What you have to do =
Reproduce from the records below, with no pictures, exactly the lines between the one containing "Los Angeles, USA." and the one containing "Business Computers 365 textbook Version 2.0", inclusive.

Records for the task =

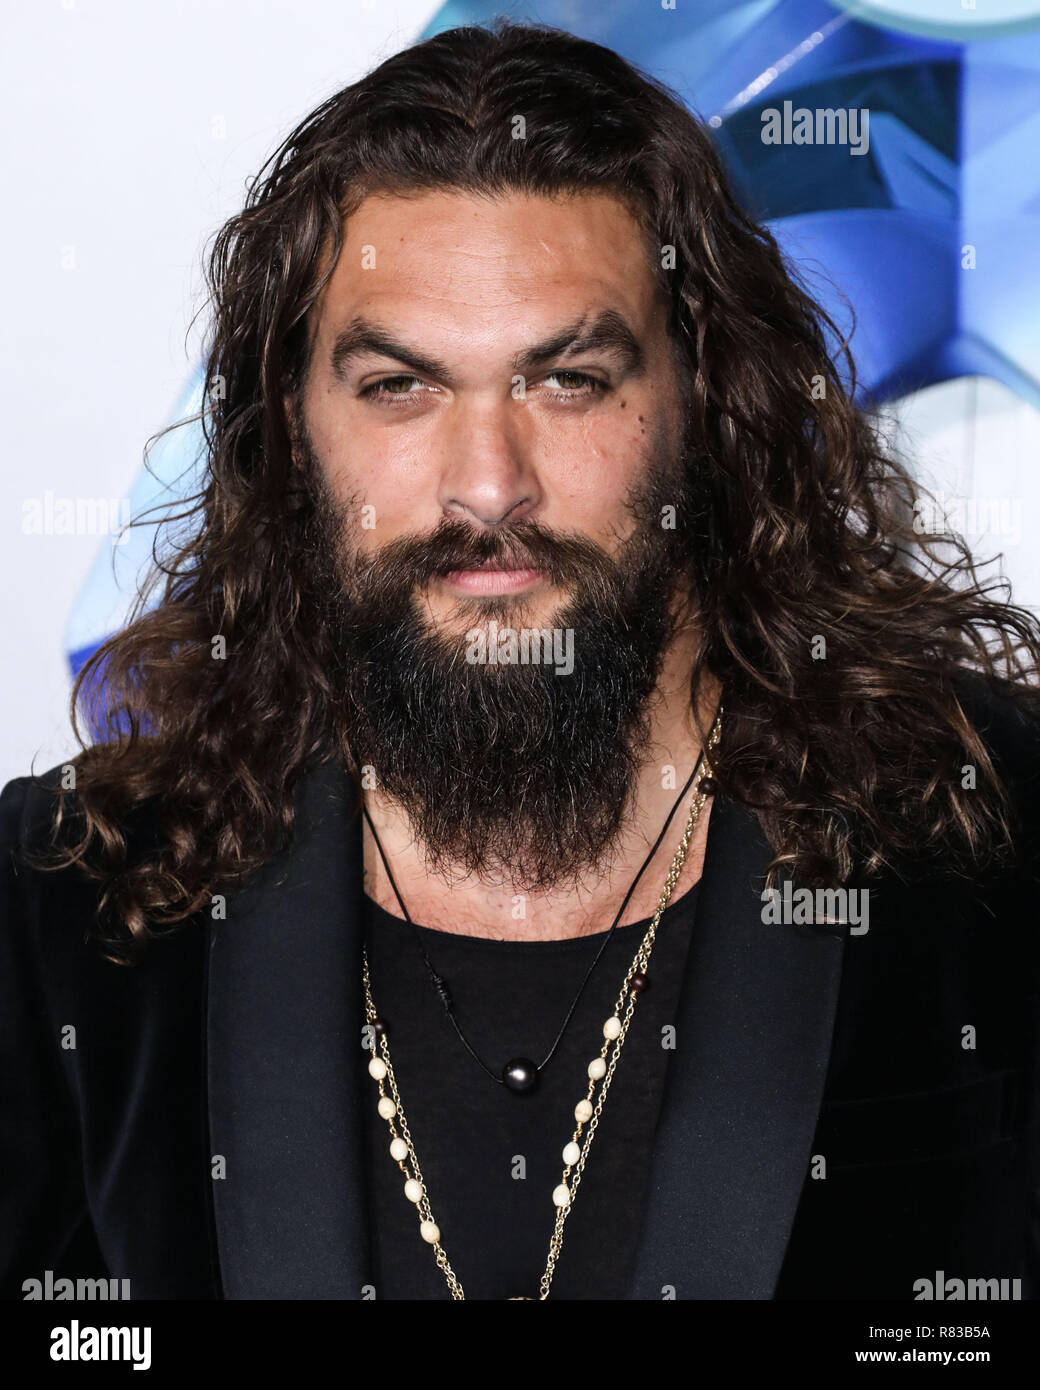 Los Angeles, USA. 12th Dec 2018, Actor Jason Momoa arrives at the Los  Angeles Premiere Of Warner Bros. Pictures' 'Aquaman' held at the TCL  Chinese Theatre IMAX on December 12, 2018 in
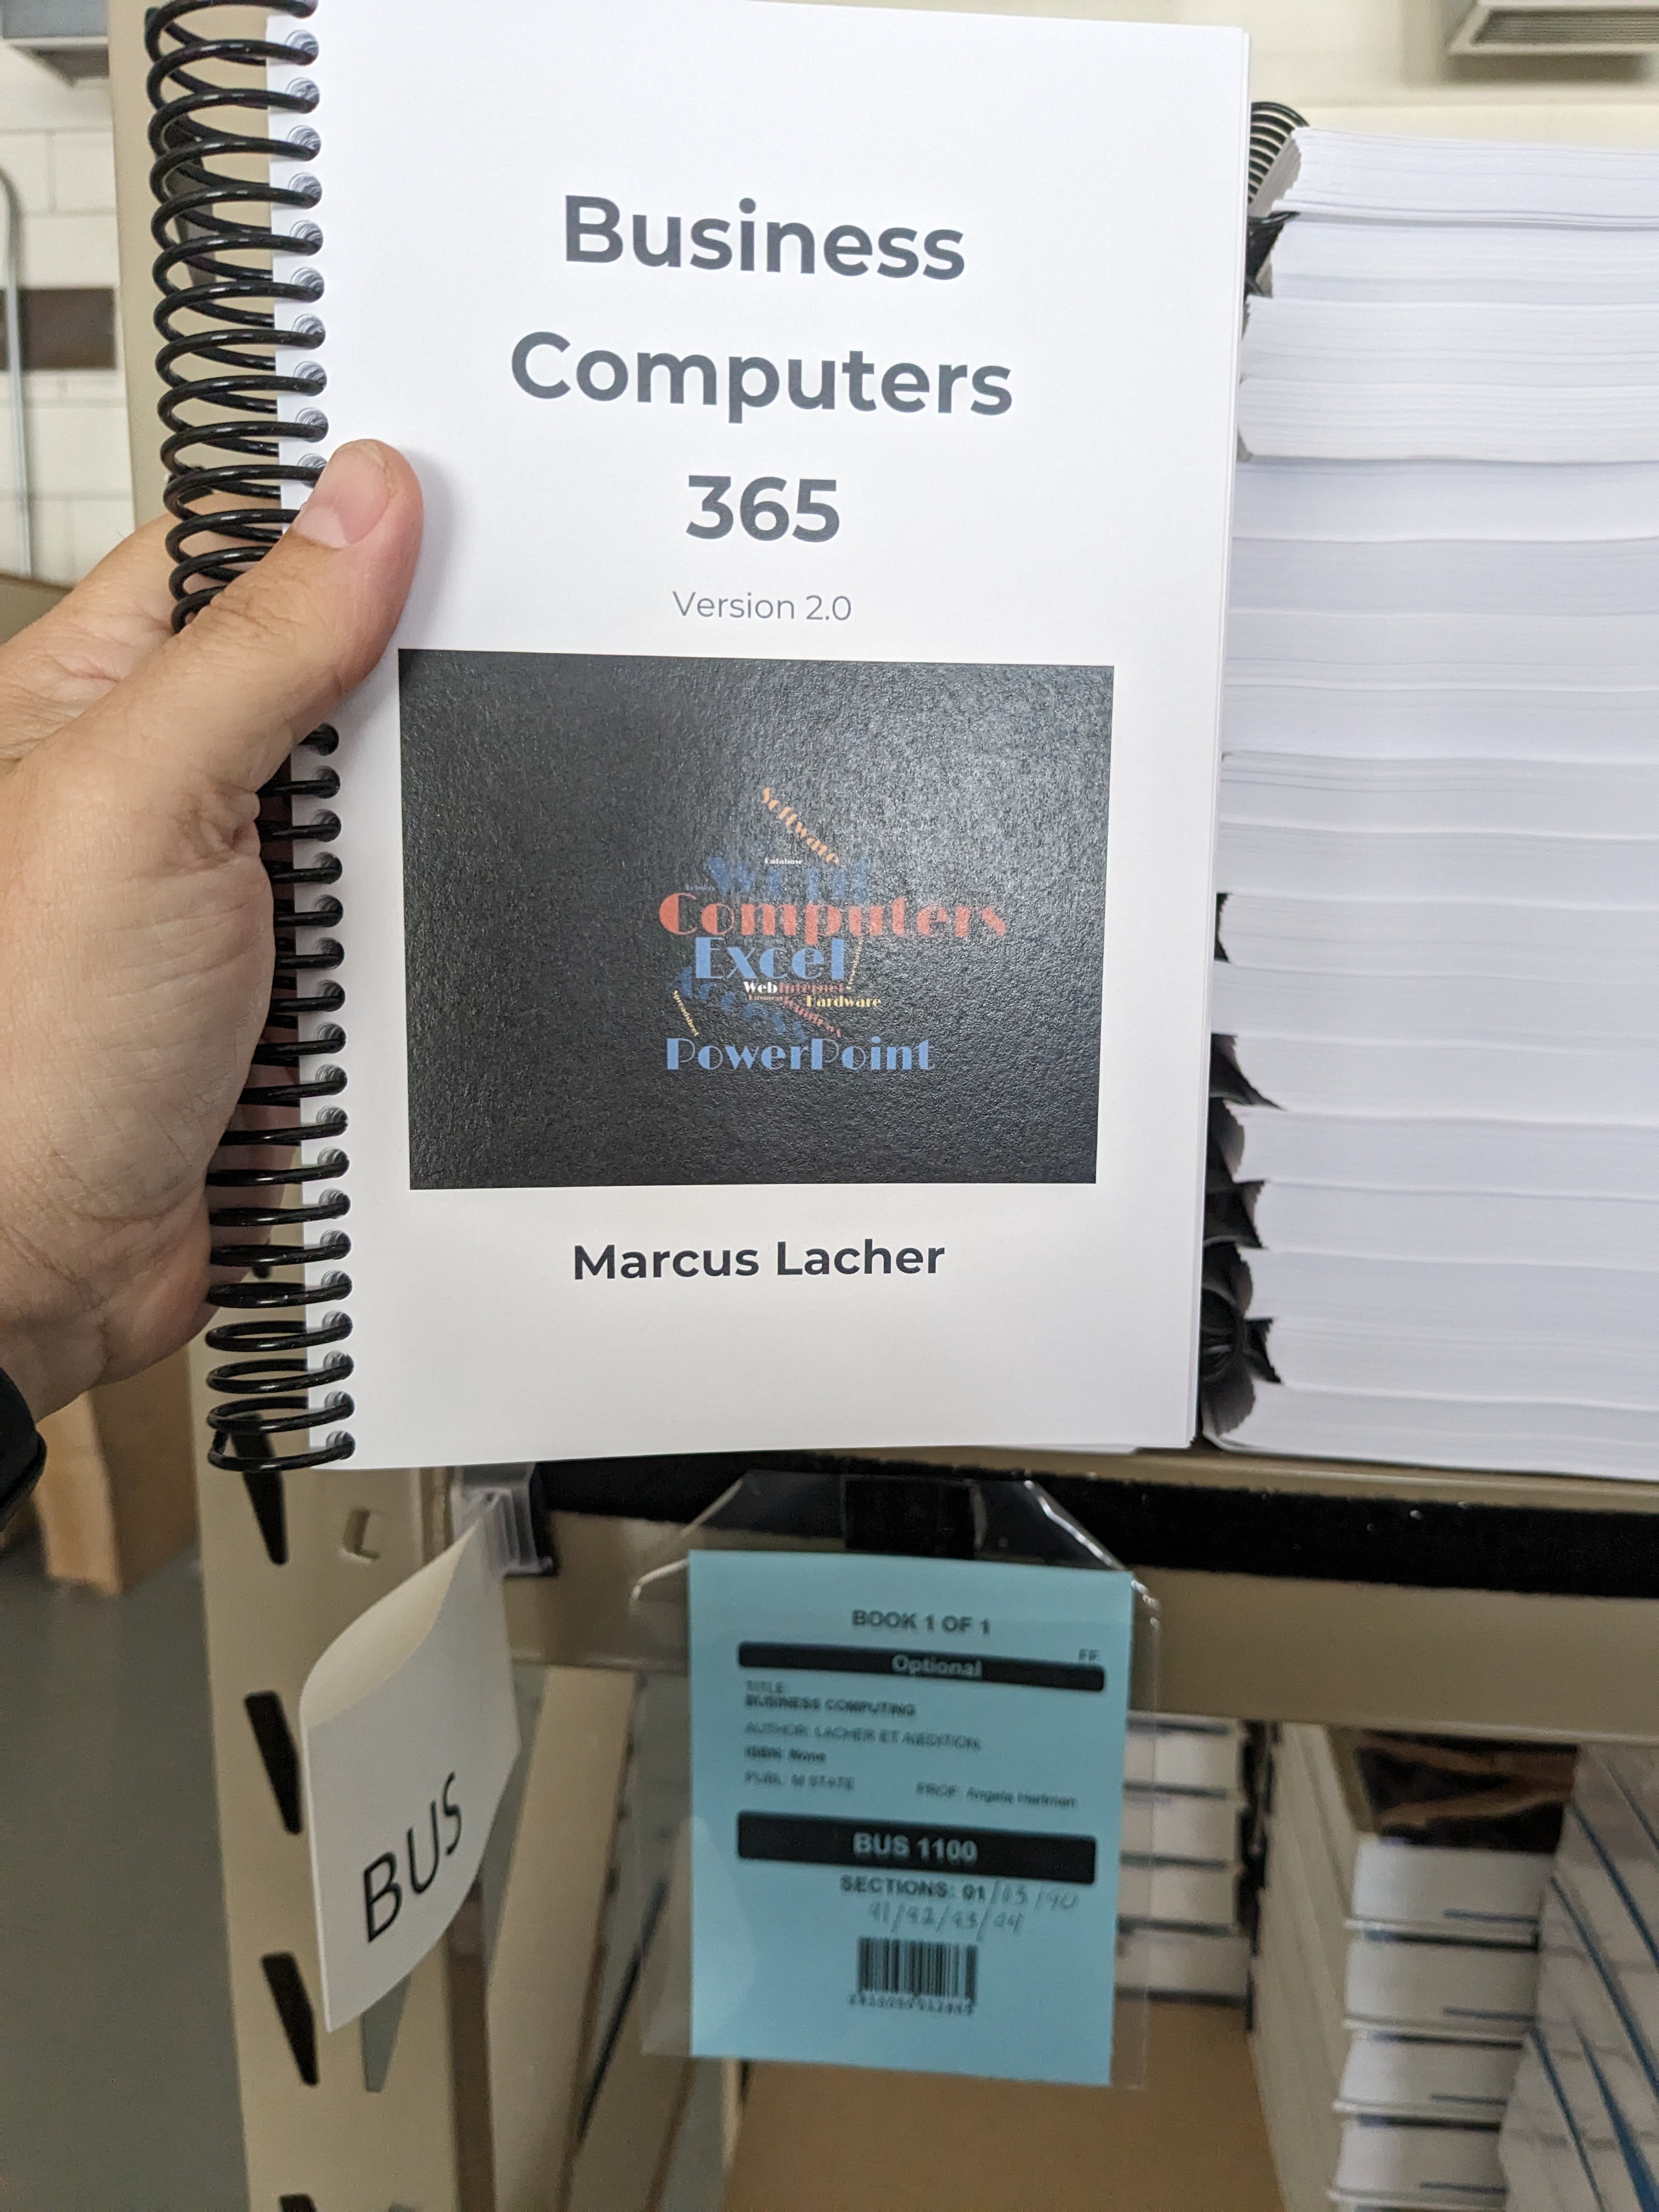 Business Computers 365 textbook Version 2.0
--
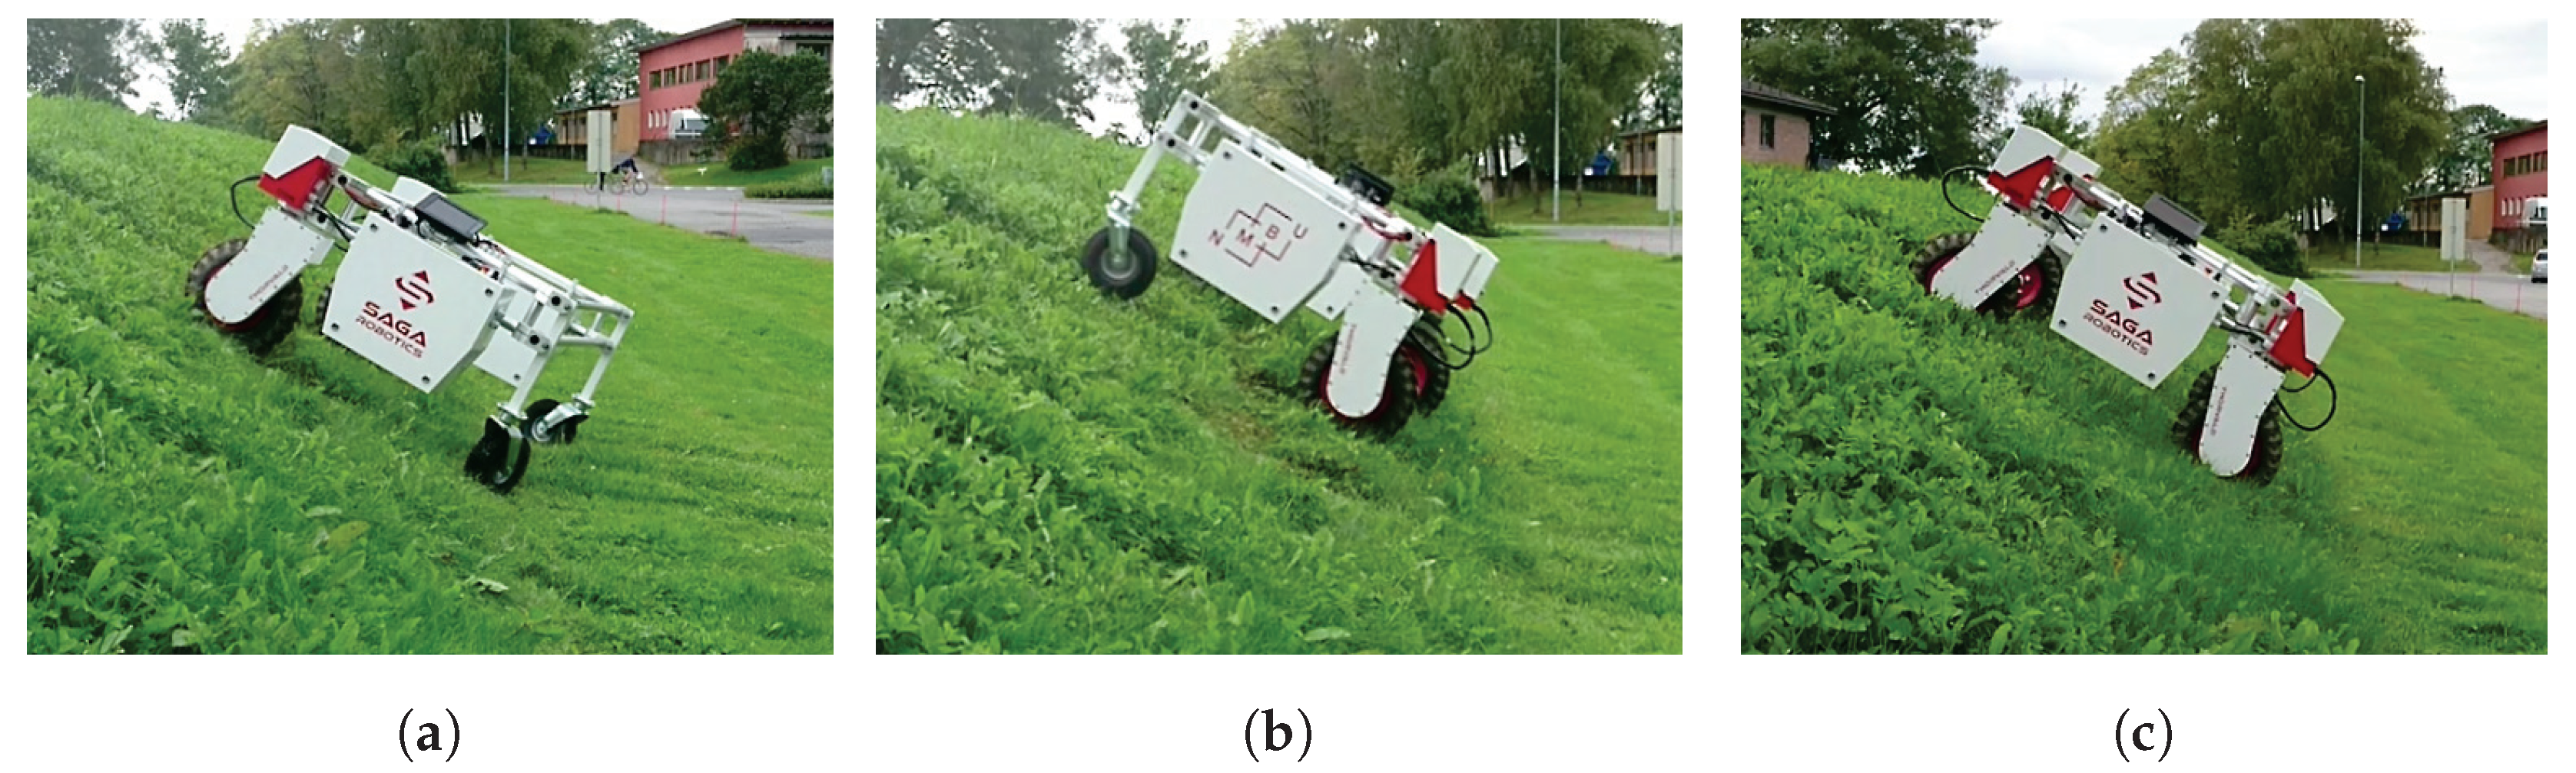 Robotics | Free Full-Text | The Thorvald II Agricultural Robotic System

Task output =
 Los Angeles, USA. 12th Dec 2018, Actor Jason Momoa arrives at the Los  Angeles Premiere Of Warner Bros. Pictures' 'Aquaman' held at the TCL  Chinese Theatre IMAX on December 12, 2018 in
 Business Computers 365 textbook Version 2.0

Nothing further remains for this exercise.